Abstract
The wide phenotypic variability of prion diseases is thought to depend on the interaction of a host genotype with prion strains that have self-perpetuating biological properties enciphered in distinct conformations of the misfolded prion protein PrPSc. This concept is largely based on indirect approaches studying the effect of proteases or denaturing agents on the physicochemical properties of PrPSc aggregates. Furthermore, most data come from studies on rodent-adapted prion strains, making current understanding of the molecular basis of strains and phenotypic variability in naturally occurring diseases, especially in humans, more limited.
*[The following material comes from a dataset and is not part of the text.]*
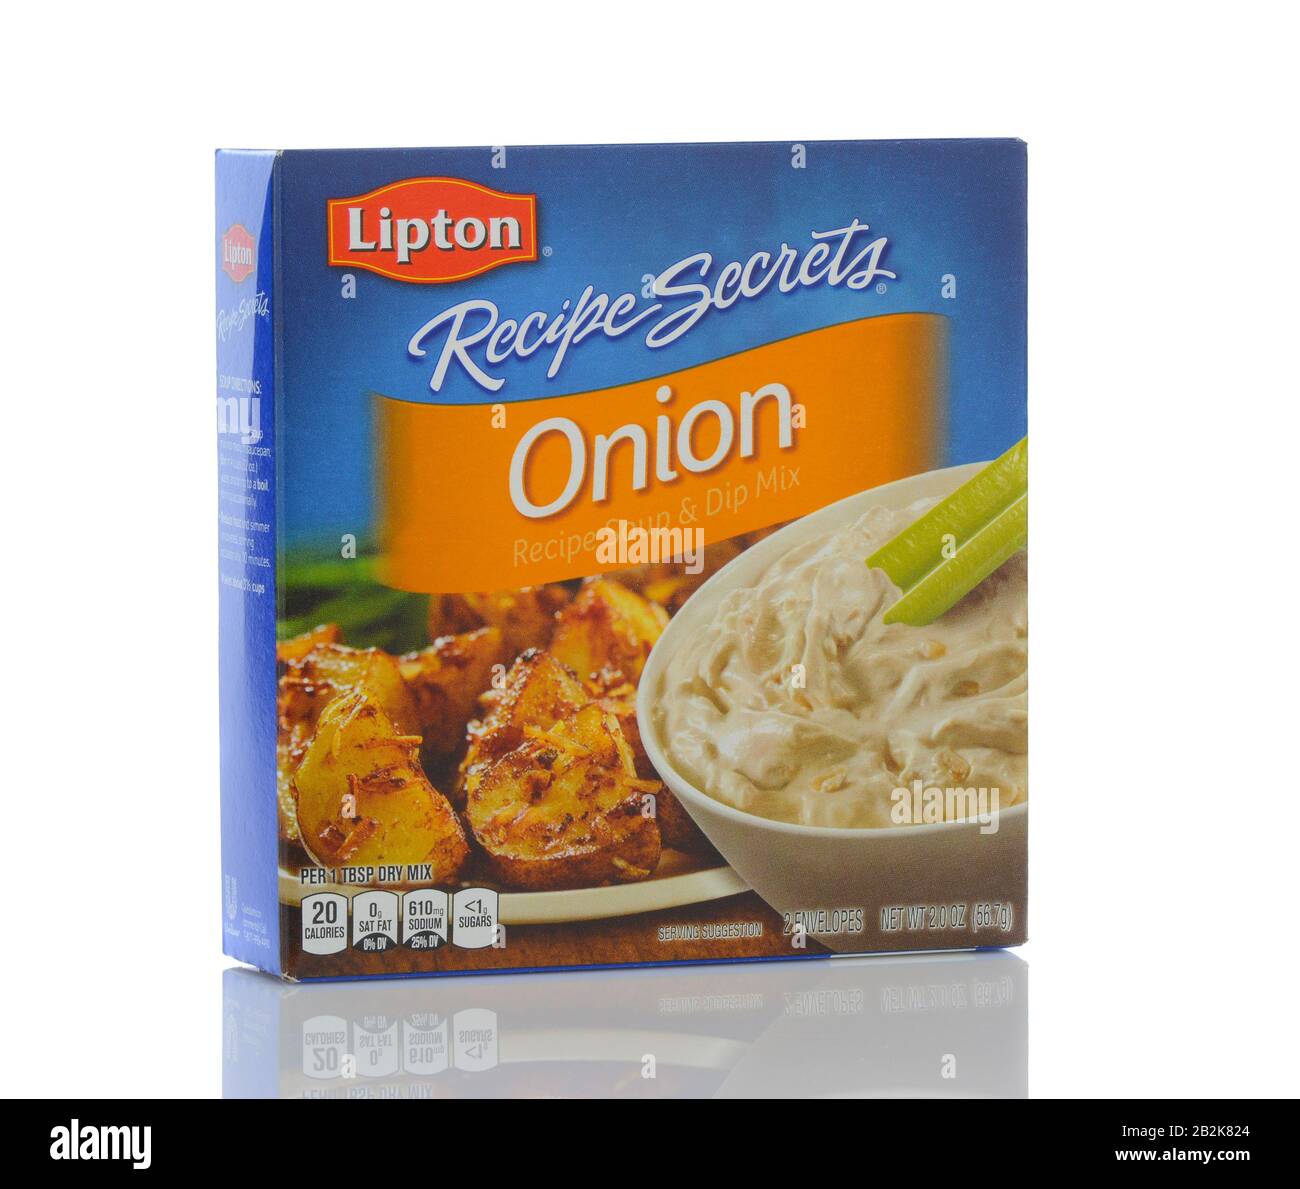 Irvine, CALIFORNIE - 22 MAI 2019: Une boîte de Lipton Recipe secrets oignon soupe et Dip Mix. Banque D'Images

To fill this gap, we studied the effects of guanidine hydrochloride (GdnHCl) and heating on PrPSc aggregates extracted from 60 sporadic Creutzfeldt-Jakob disease (CJD) and 6 variant CJD brains. While denaturation curves obtained after exposure of PrPSc to increasing GdnHCl concentrations showed similar profiles among the 7 CJD types analyzed, PrPSc exposure to increasing temperature revealed significantly different and type-specific responses. In particular, MM1 and VV2, the most prevalent and fast-replicating CJD types, showed stable and highly resistant PrPSc aggregates, whereas VV1, a rare and slowly propagating type, revealed unstable aggregates that easily dissolved at low temperature. Taken together, our results indicate that the molecular interactions mediating the aggregation state of PrPSc, possibly enciphering strain diversity, are differently targeted by GdnHCl, temperature, and proteases. Furthermore, the detected positive correlation between the thermostability of PrPSc aggregates and disease transmission efficiency makes inconsistent the proposed hypothesis that a decrease in conformational stability of prions results in an increase in their replication efficiency.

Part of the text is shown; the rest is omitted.